Note that the Taxonomic Profiling tool is currently optimised for specificity and as a consequence very conservative in the detection of low abundance species in samples of average coverage: for example, to have a 50% chance to detect a species, its coverage needs to be at at least 6.6. This stringency limitation will be addressed in the future releases of the software.

To run the Taxonomic Profiling tool, go to Microbial Genomics Module (Image mgm_folder_closed_flat_16_h_p) | Metagenomics (Image wma_folder_open_flat_16_n_p) | Taxonomic Analysis (Image taxonomic_analysis_folder_16_n_p) | Taxonomic Profiling (Image taxonomic_profiler_16_n_p).

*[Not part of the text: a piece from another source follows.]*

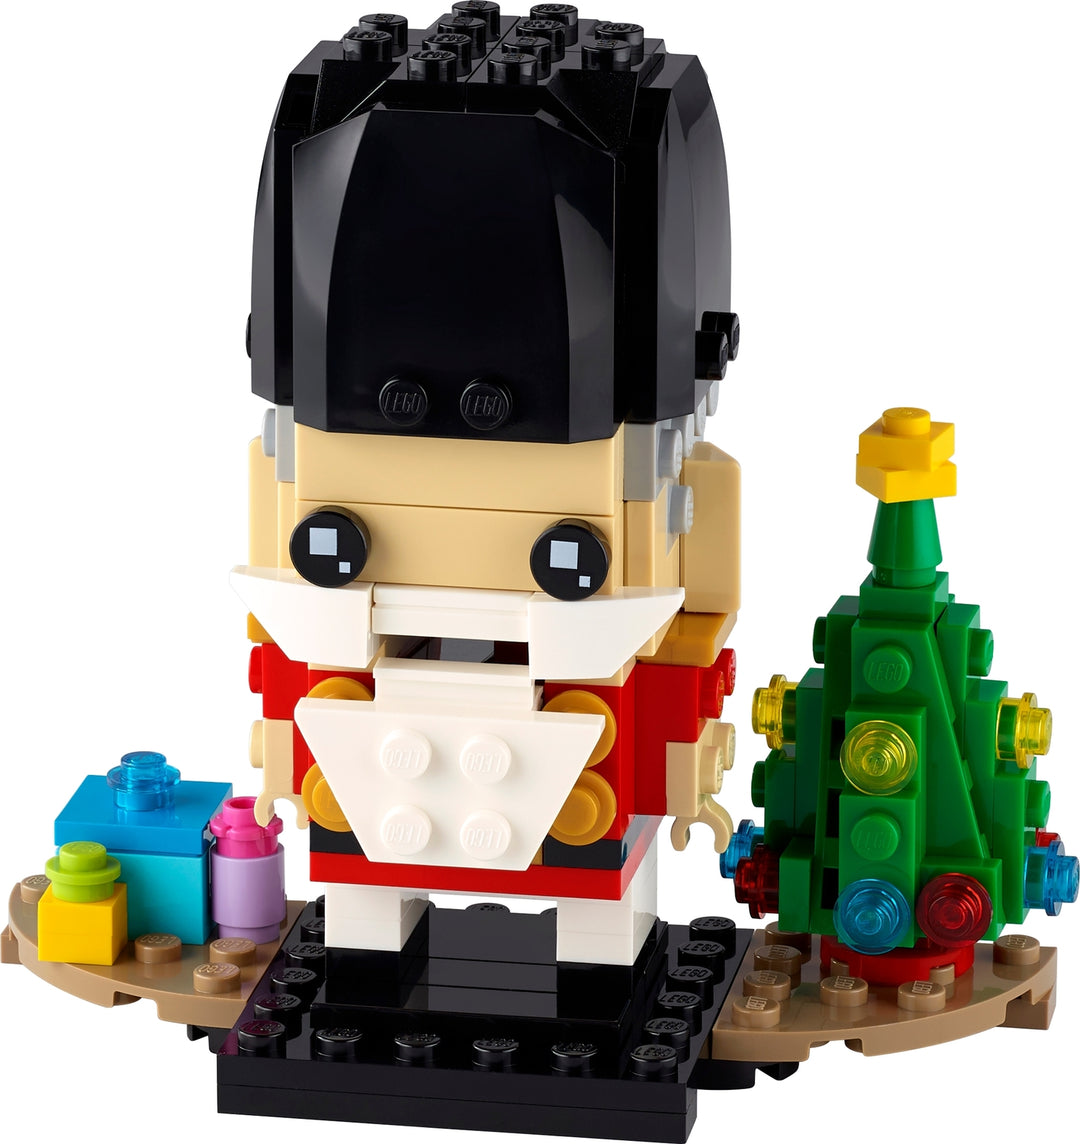 LEGO Brickheadz: Nutcracker

You can select one or several read files to analyze (figure 5.1). When choosing several read files, they will be considered as belonging to one single sample unless the batch mode option is checked, in which case each file will be considered as an individual sample.

Image taxpro_1
Figure 5.1: Select the reads.

In the "Parameters" dialog , provide the reference database you will use to map the reads (figure 5.2). Note that the first time you run the tool with a given database, the analysis will take longer because it is indexing and caching the database as indicated by the warning message in the dialog. Analysis time will be improved in subsequent runs, when the workbench is able to use the index generated the first time around.

You can also choose to "Filter host reads". You must then specify the host genome (for example the Homo sapiens hg19 in the case of human microbiota). Finally, checking the option "Auto-detect paired distances" will generate an estimate of the paired distance range in an additional section of the report output by the tool.

Image taxpro_2
Figure 5.2: Select the reference, and potentially choose to filter against an host genome to remove potential contamination.

Finally, choose from the different output options and Open or Save the results (figure 5.3).

Image taxpro_3
Figure 5.3: Workflow output options.

The tool will generate by default an abundance table as well as a report with a list of the taxons and their abundances. You can choose to output additional files such as a sequence lists of the reads matching the reference database and those matching the host, as well as the unclassified reads.